The BastionRank Showdown: Crowning the Best On-Device AI Models of 2025

BastionAI 5 min read

At BastionAI, we’re obsessed with pushing the boundaries of what’s possible with local, on-device AI. To that end, we created BastionRank, a comprehensive benchmark designed to rigorously test language models on the metrics that matter most to users and developers: raw performance and qualitative excellence.

We recently evaluated 10 of the most promising models in our Bastion Chat app.
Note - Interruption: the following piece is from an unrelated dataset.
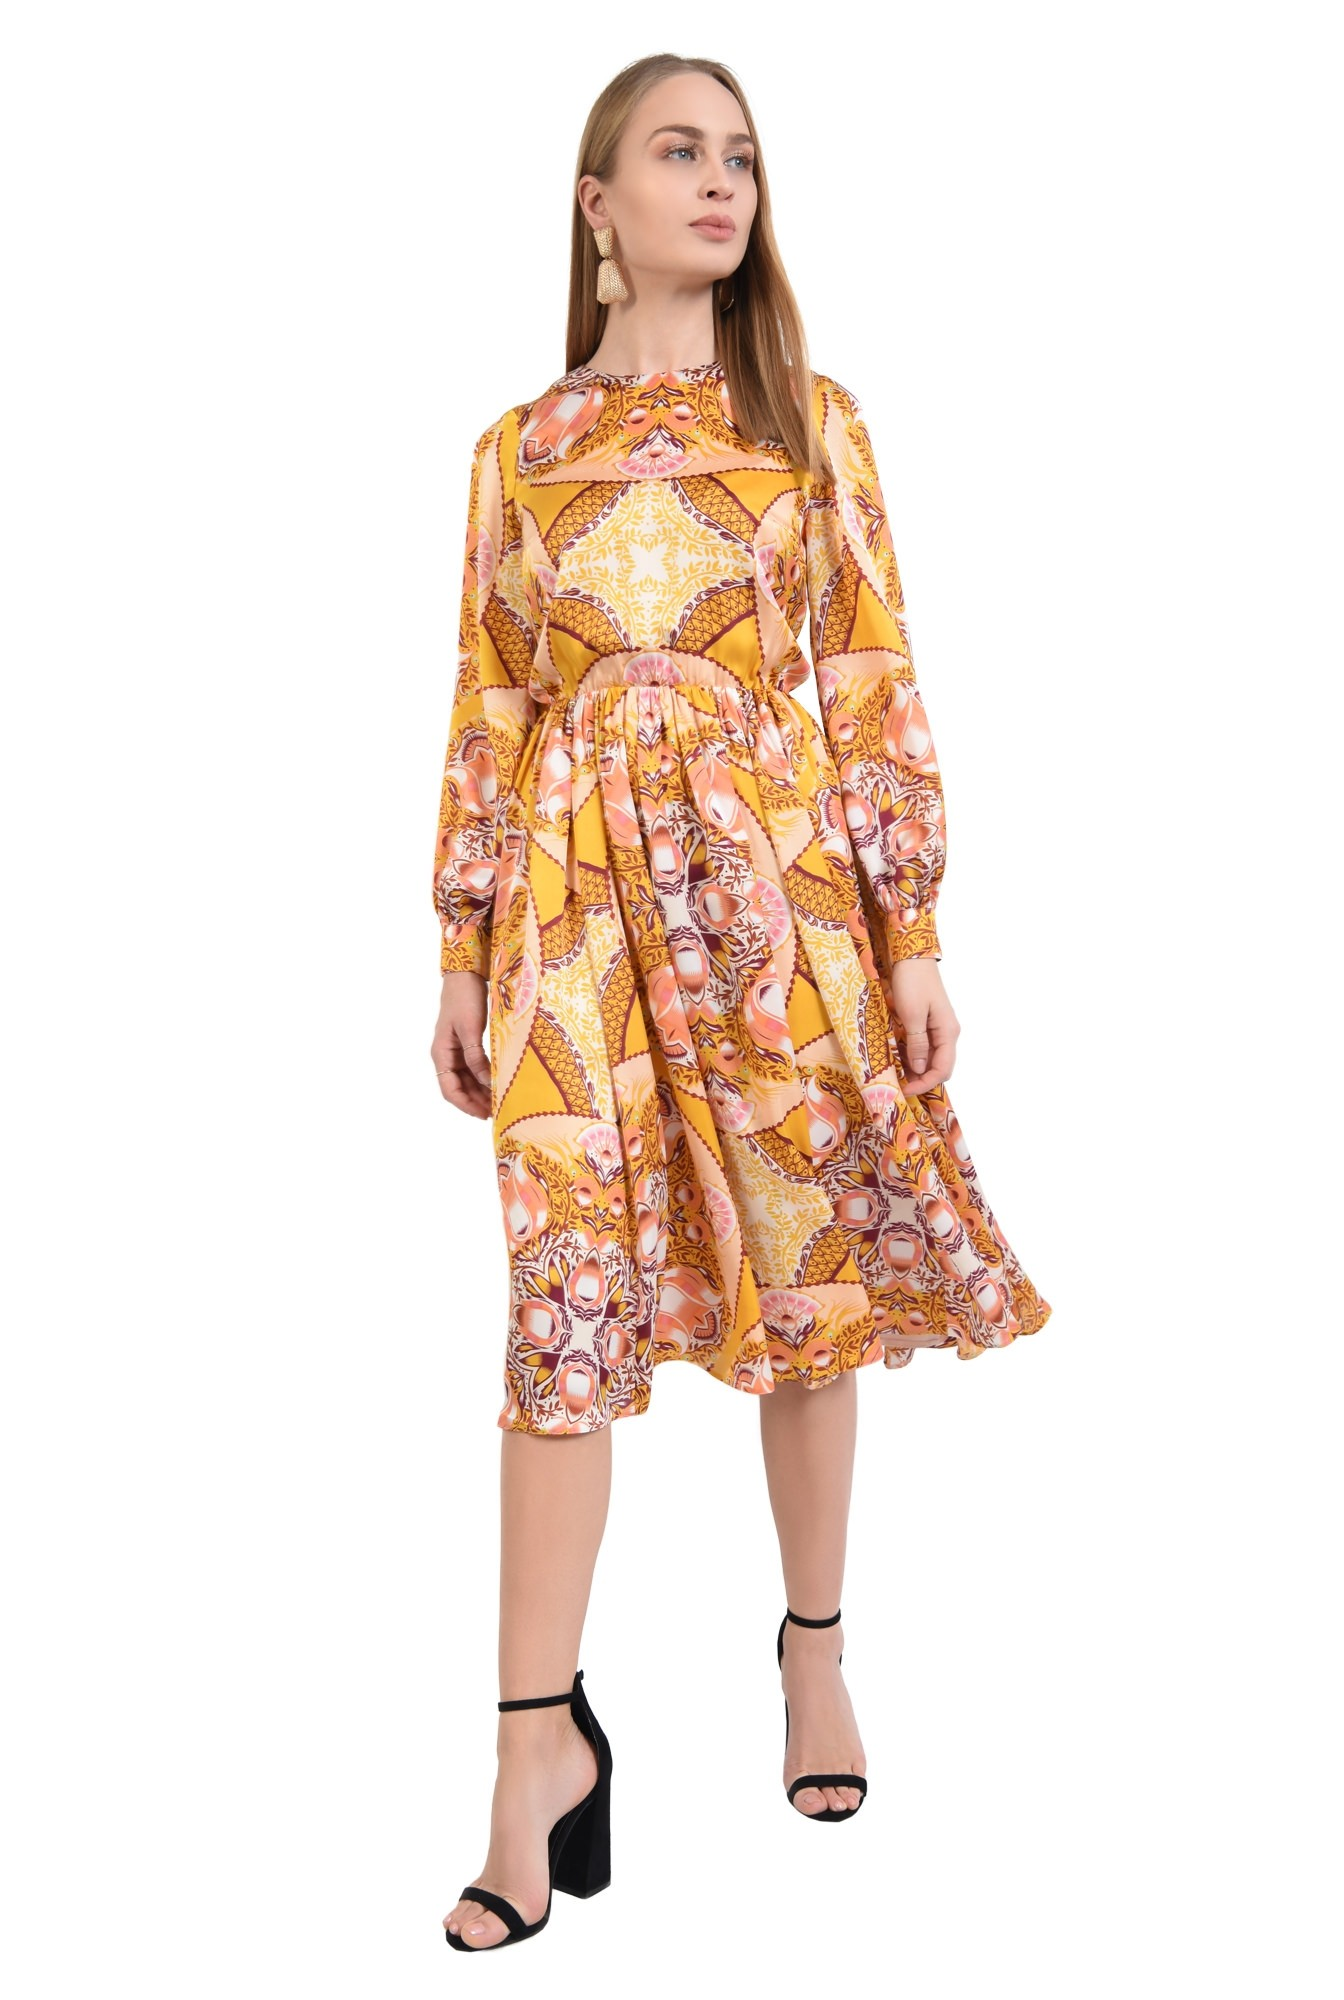 3 - 360 - rochie imprimata, midi, croi pe bie, galben mustar, imprimeu abstract

The results were fascinating, revealing a clear hierarchy of performance and some surprising nuances in model behavior.

This report shares our findings, crowning the top performers and offering a guide to which models are best suited for your on-device AI applications.
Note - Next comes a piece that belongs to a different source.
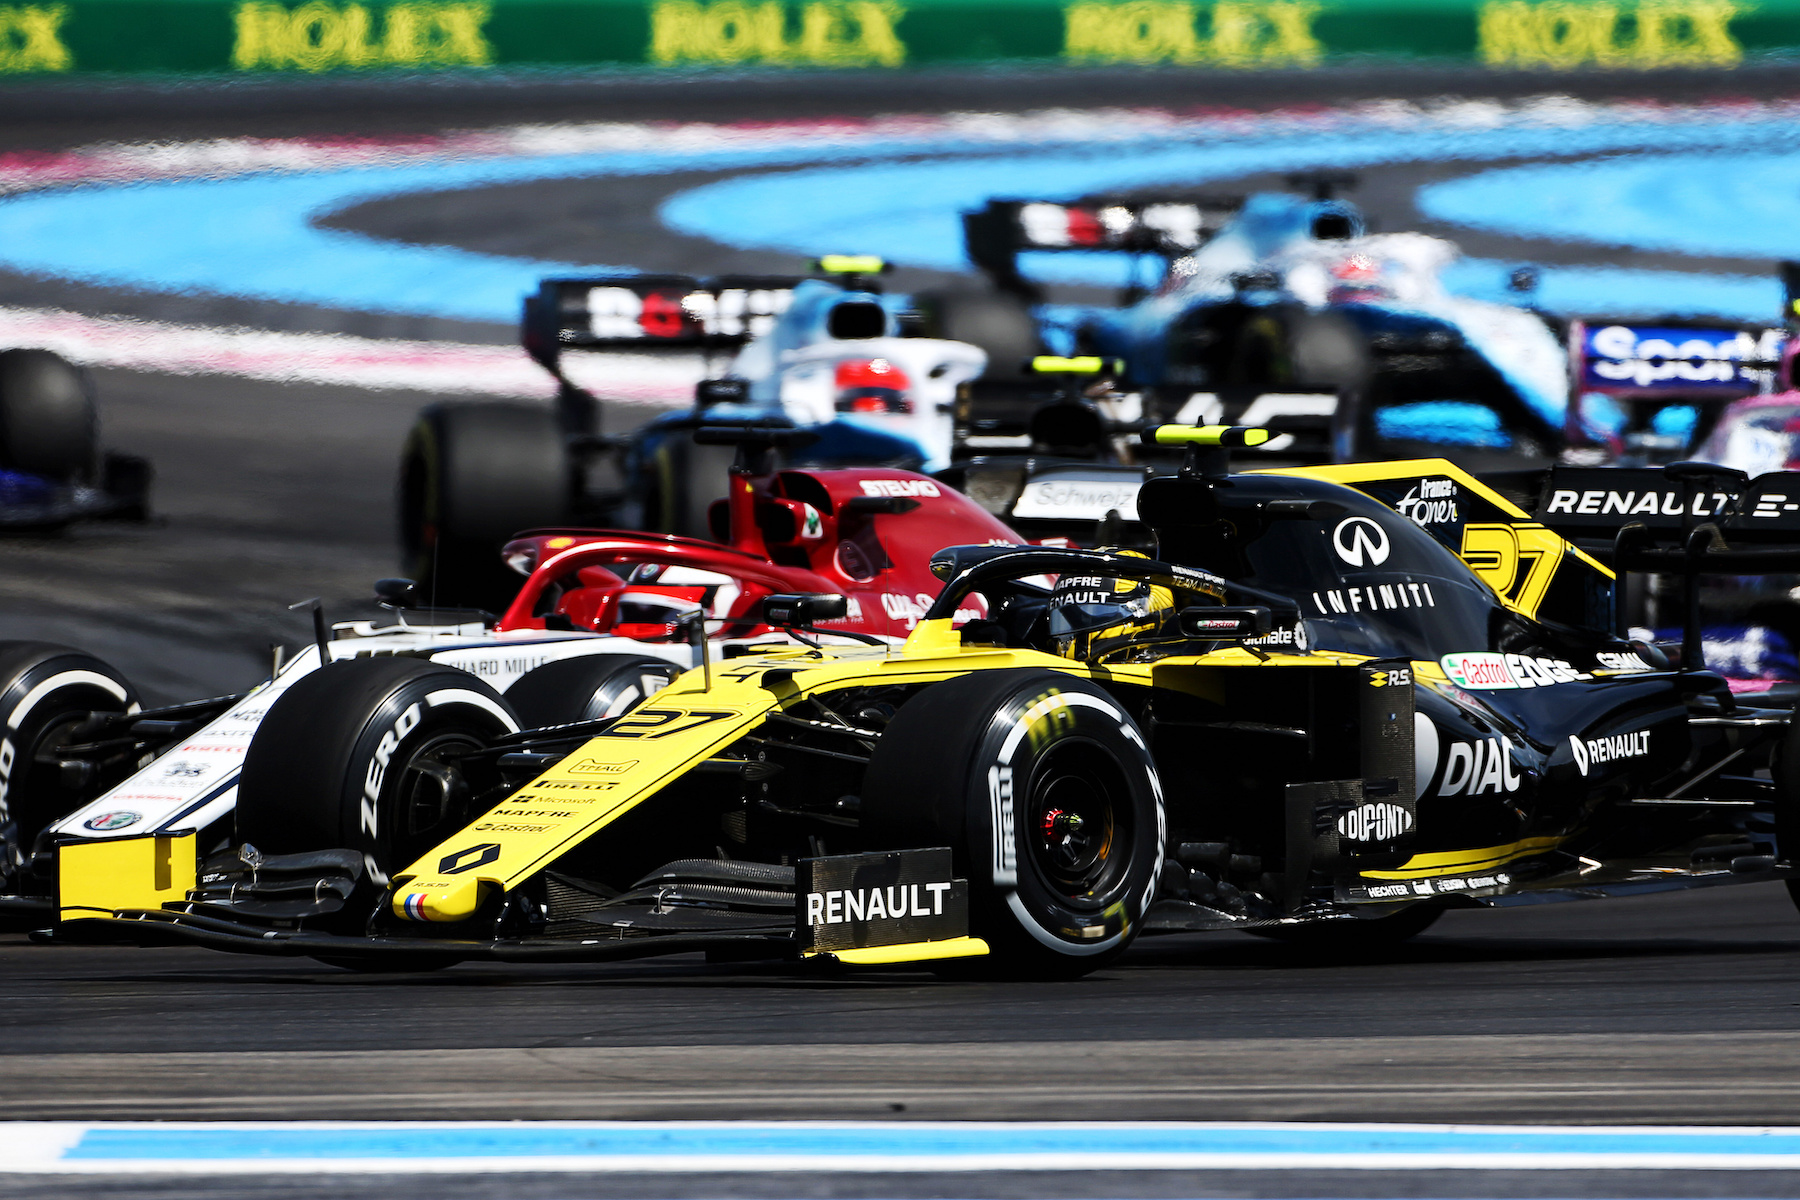 3 2019 French GP Sunday 36.jpg

BastionRank Rumble - a cartoon depiction of AI models competing in a fighting game, refereed by BastionChat.

Our Humble Benchmark: A Focus on Real-World Applications

Before diving into the results, it’s important to state our philosophy. This is a humble benchmark test. We are not trying to determine if a model can achieve PhD-level reasoning. Instead, we care about real and concrete applications. Our goal was to simulate the tasks a typical user might perform: summarizing an article, extracting key information from a work document, or understanding nuanced language.

Our testing process involved three pillars of comprehension, using the same text for each model:

  1. Literary Prose (Herman Melville’s Moby Dick): We prompted the models to summarize the opening chapter, focusing on capturing the narrator’s deep, melancholic tone and motivations. This tests for emotional and tonal nuance.
  2. Technical Article (The “Hydra Attention” paper): We asked for a concise summary of a dense, academic paper. This tests the ability to parse jargon and accurately recall key technical innovations and metrics.
  3. Business Memo (The “Project Phoenix” pivot): We provided a corporate memo and asked for a summary that extracted the key decision, the reasoning, and the action items. This tests for understanding of professional communication and structure.

Our Testing Parameters

To ensure a fair and consistent comparison, all models were run with the same sampling parameters. These settings were chosen to strike a balance between encouraging creative, natural-sounding responses while maintaining factual accuracy.

  • Temperature: 0.70
  • Top P: 0.95
  • Top K: 100
  • Min P: 0.0
  • Max Tokens: 952
  • Presence Penalty: 0.0
  • Frequency Penalty: 0.0
  • Thinking Token Budget: 200

Why On-Device Testing Matters: A Level Playing Field

A key requirement for any model entering BastionRank is its ability to run efficiently on an actual mobile device. For consistency and to establish a stable performance baseline, the benchmarks in this report were conducted on a Mac.

However, the ultimate goal is real-world mobile performance. Based on our tests with leading models on an iPhone 12, developers can expect inference speeds to be approximately 20-25% slower than the Mac results published here. This is due to the thermal and power constraints of a compact, fanless device—a testament to how impressive even these reduced speeds are.

This methodology creates a level playing field. By forcing models of different architectures and training sets into the exact same conditions, we can compare them in a raw, honest form. This is where the core quality of a model’s design truly shows.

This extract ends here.